Der einzige Teil seines
Körpers, der noch funktionierte, war sein Gehirn.
„Was zur Hölle ist
passiert?“, fragte ich.
„Bringt ihn hier
raus!“, forderte einer der Männer.
Der andere Agent befolgte
die Anweisung, ging aber mit mir nach draußen, um die Situation zu erklären.
„Du musst dir keine
Sorgen machen, dass es ansteckend ist, wir heben die Quarantäne gleich
auf“, sagte er.
Er schien irgendwie
düster zu sein, als er diese Worte sprach.
„Was ist mit Brian,
was wird mit ihm passieren?“
„Er ist noch bei
Bewusstsein, aber er hat keine Atmungsfunktion mehr. Also haben wir keine
Kommunikationsmittel mehr.“
Brian war noch am Leben.
Blind, taub und stumm musste er in Einsamkeit leiden, unfähig zu sterben.
„Wie lange muss er
noch leiden?“, fragte ich.
„Wir werden mehr
wissen, wenn wir ihn in unsere spezialisierte Einrichtung bringen.“
Der leitende ZSB-Agent
verlangte, dass sein Kollege den Mund hielt, bevor er mir etwas anderes sagen
konnte.
Sie gingen mit Brian
fort, bedeckten ihn mit einer luftdichten Hülle, sodass niemand die Schrecken
sehen würde, die gerade in unserer Chirurgie geschehen waren.
Sobald die Quarantäne
aufgehoben worden war, ging ich nach Hause, um mein Rücktrittsschreiben zu
verfassen.
Ich hatte einen gut vernetzten
Kontakt innerhalb des ZSB. Aber als er versuchte, mehr Informationen zu
erhalten, behauptete er, dass ihnen überhaupt kein solcher Fall vorgelegt worden
sei. Dass niemand jemals unter dem Namen Brian Dawson in ihre Einrichtung
aufgenommen worden war.
Ungefähr einen Monat
später tauchte ein Anwalt, begleitet von einem Arzt, mit einer Reihe von Dokumenten
vor meiner Tür auf; alles bezüglich der Vertraulichkeit von Ärzten und Patienten.
Der Anwalt sah erschöpft
aus, bis auf die Knochen abgearbeitet. Als ob er schon viele solcher Reisen
unternommen hätte. Er bat mich, die Dokumente zu unterschreiben und nie wieder
darüber zu sprechen und sagte, dass ich sonst meine ärztliche Zulassung
verlieren würde. Nicht, dass es mir wichtig gewesen wäre, ich bin endgültig
fertig mit diesem Bereich.
Ich bekam vom Arzt eine
Injektion, er sagte mir, dass Brians Krankheit ihnen nicht unbekannt sei und
dass sie extrem ansteckend sei, aber erst nach dem Tod.

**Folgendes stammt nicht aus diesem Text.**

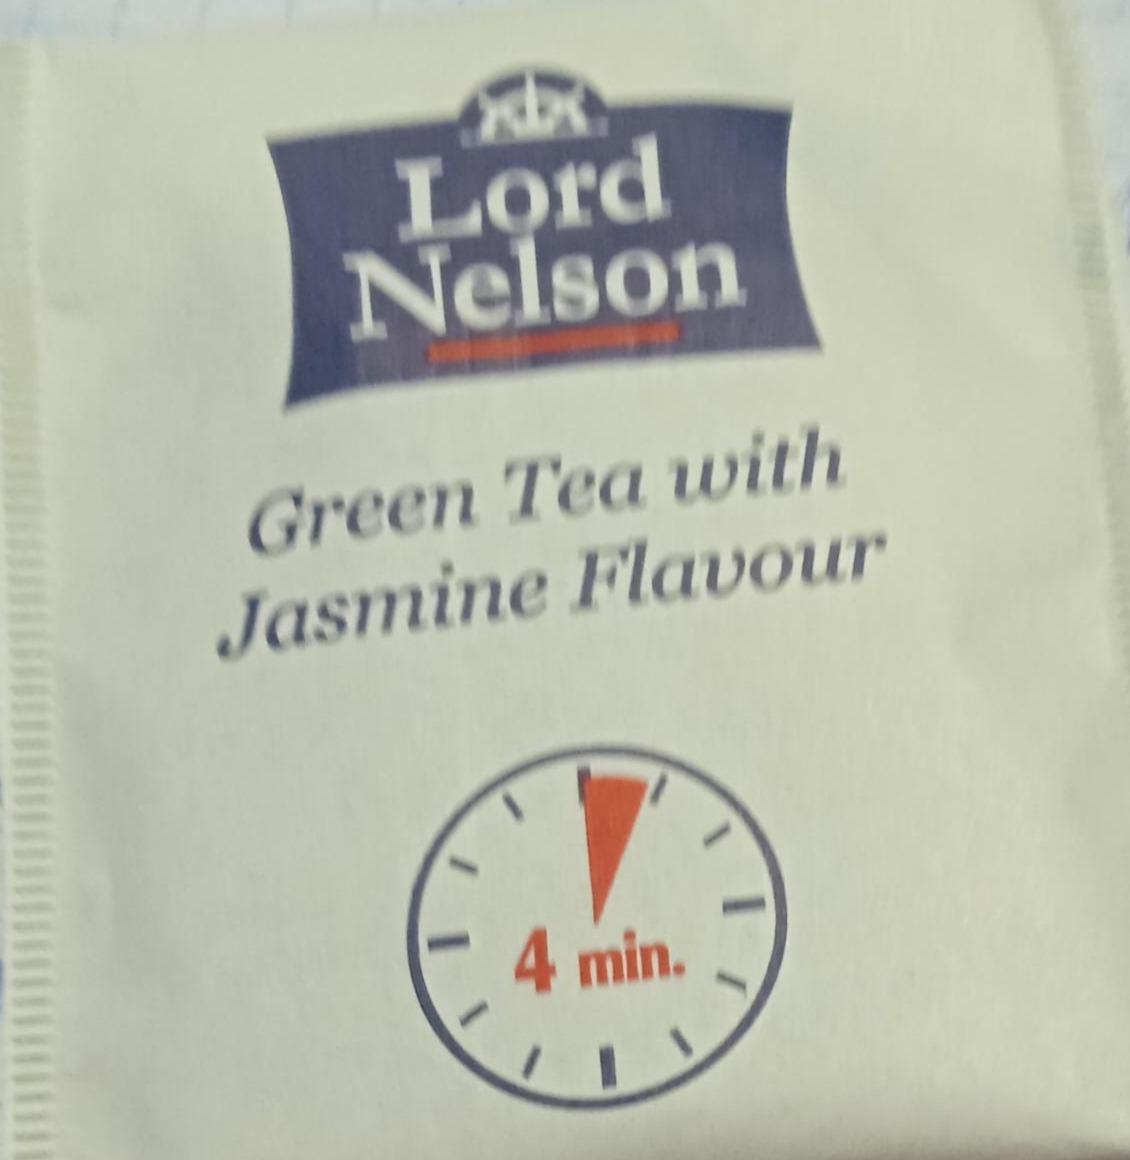 Zdjęcia - Green Tea with Jasmine Flavour Lord Nelson

Er erklärte, dass die Hälfte
der Bevölkerung mit einem Infekt infiziert ist, die das Gehirn stundenlang,
auch Tage nach dem Tod, bei Bewusstsein hält. Brians Fall war insofern
besonders, als er tatsächlich eine motorische Funktion behielt und mit uns
sprechen konnte.
Die Injektion war keine
Heilung, sie wird mich bloß daran hindern, die Krankheit zu verbreiten, aber
sobald ich sterbe, werde ich ein ähnliches Schicksal erleiden wie Brian.
Ich hoffe nur, dass
jemand bei mir bleibt, wenn es soweit ist.